• **Work request**: Repeat word for word the lines from the one containing "Protokoll der Verhandlungen" to the end of the material below, and leave all pictures out.

• **Data**:
━━━━━━━━━━━━━━━━━━━━━━━━━━━━━━

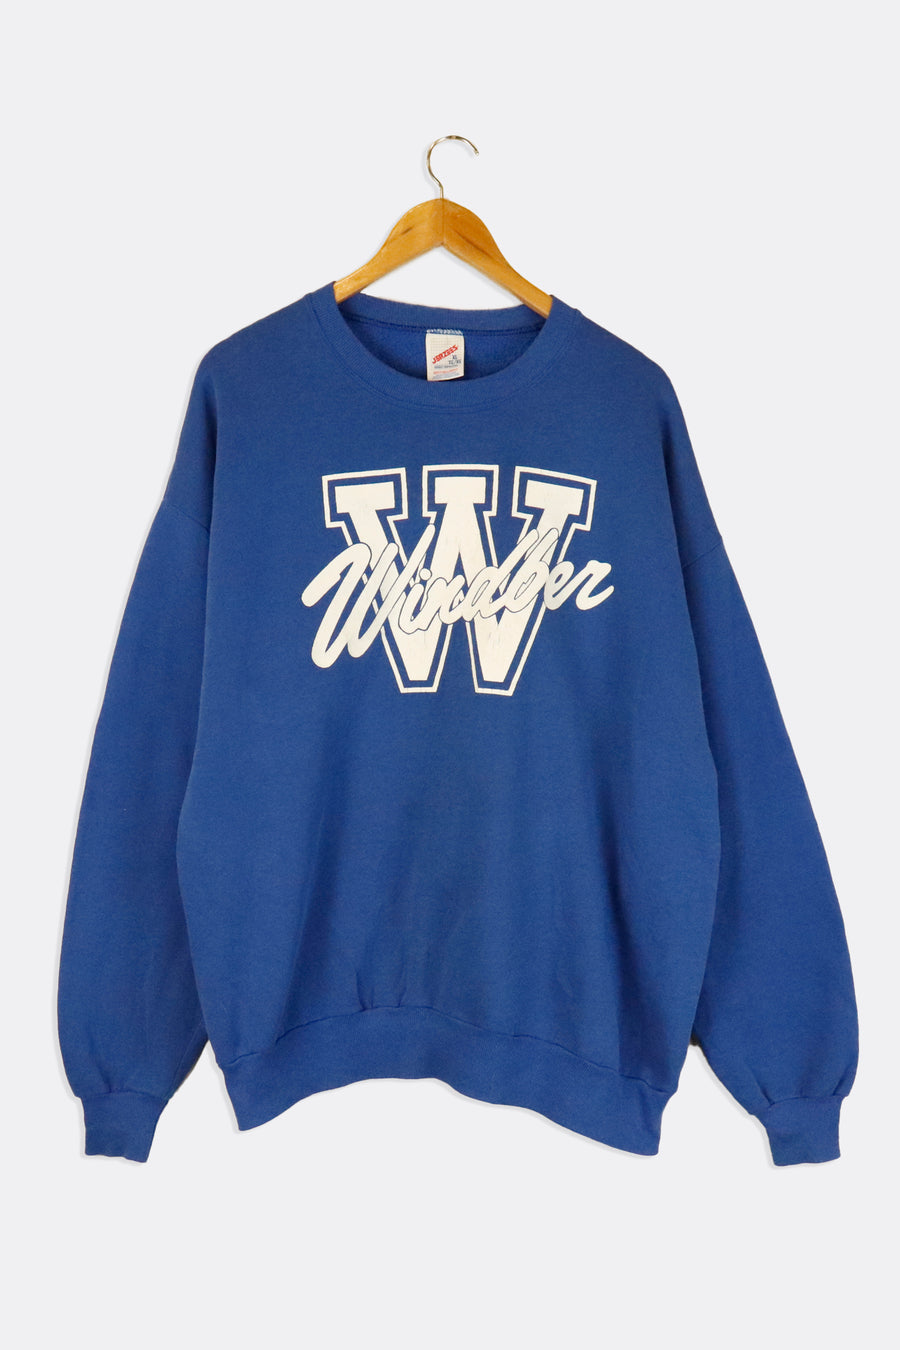 Vintage Windber Large W Varsity Vinyl Sweatshirt Sz XL
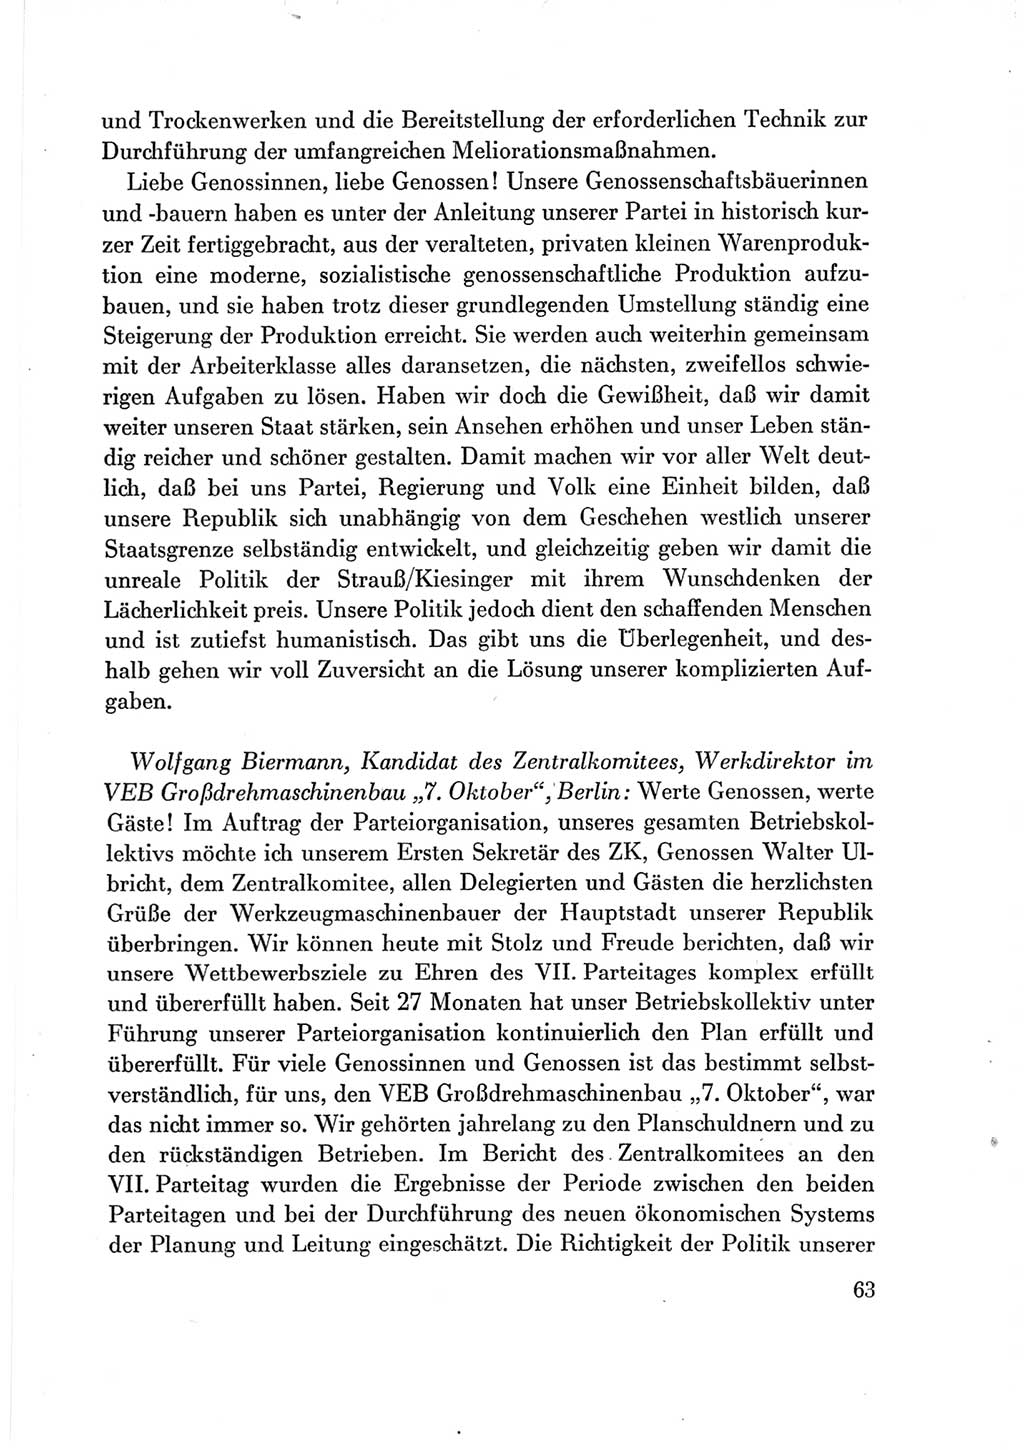 Protokoll der Verhandlungen des Ⅶ. Parteitages der Sozialistischen Einheitspartei Deutschlands (SED) [Deutsche Demokratische Republik (DDR)] 1967, Band Ⅲ, Seite 63 (Prot. Verh. Ⅶ. PT SED DDR 1967, Bd. Ⅲ, S. 63)
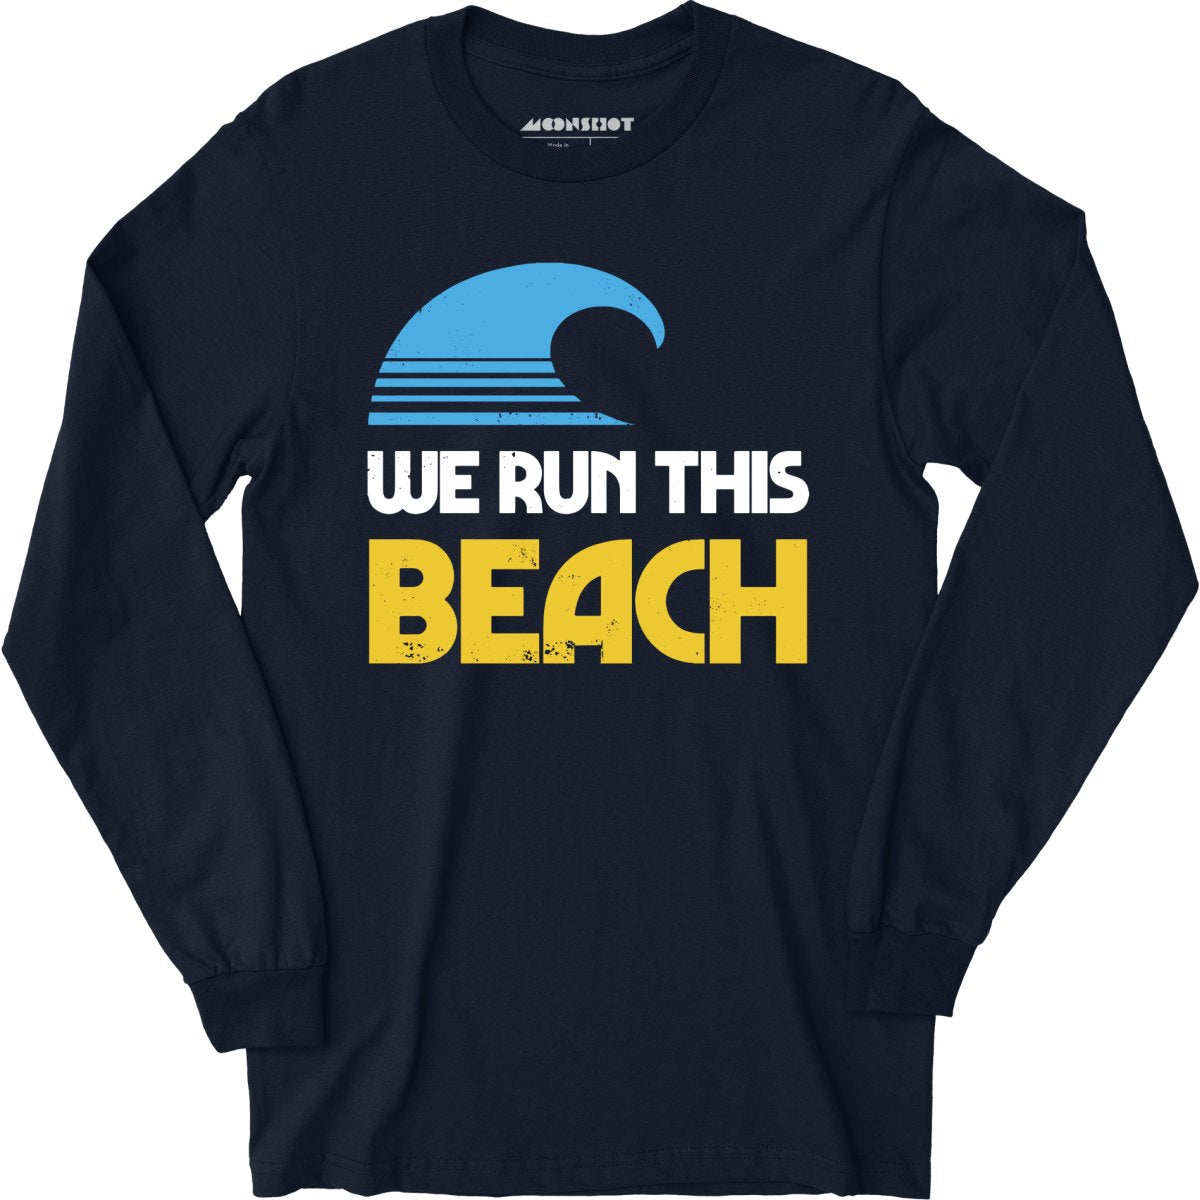 We Run This Beach - Long Sleeve T-Shirt

━━━━━━━━━━━━━━━━━━━━━━━━━━━━━━

• **Task output**:
 Protokoll der Verhandlungen des Ⅶ. Parteitages der Sozialistischen Einheitspartei Deutschlands (SED) [Deutsche Demokratische Republik (DDR)] 1967, Band Ⅲ, Seite 63 (Prot. Verh. Ⅶ. PT SED DDR 1967, Bd. Ⅲ, S. 63)
 We Run This Beach - Long Sleeve T-Shirt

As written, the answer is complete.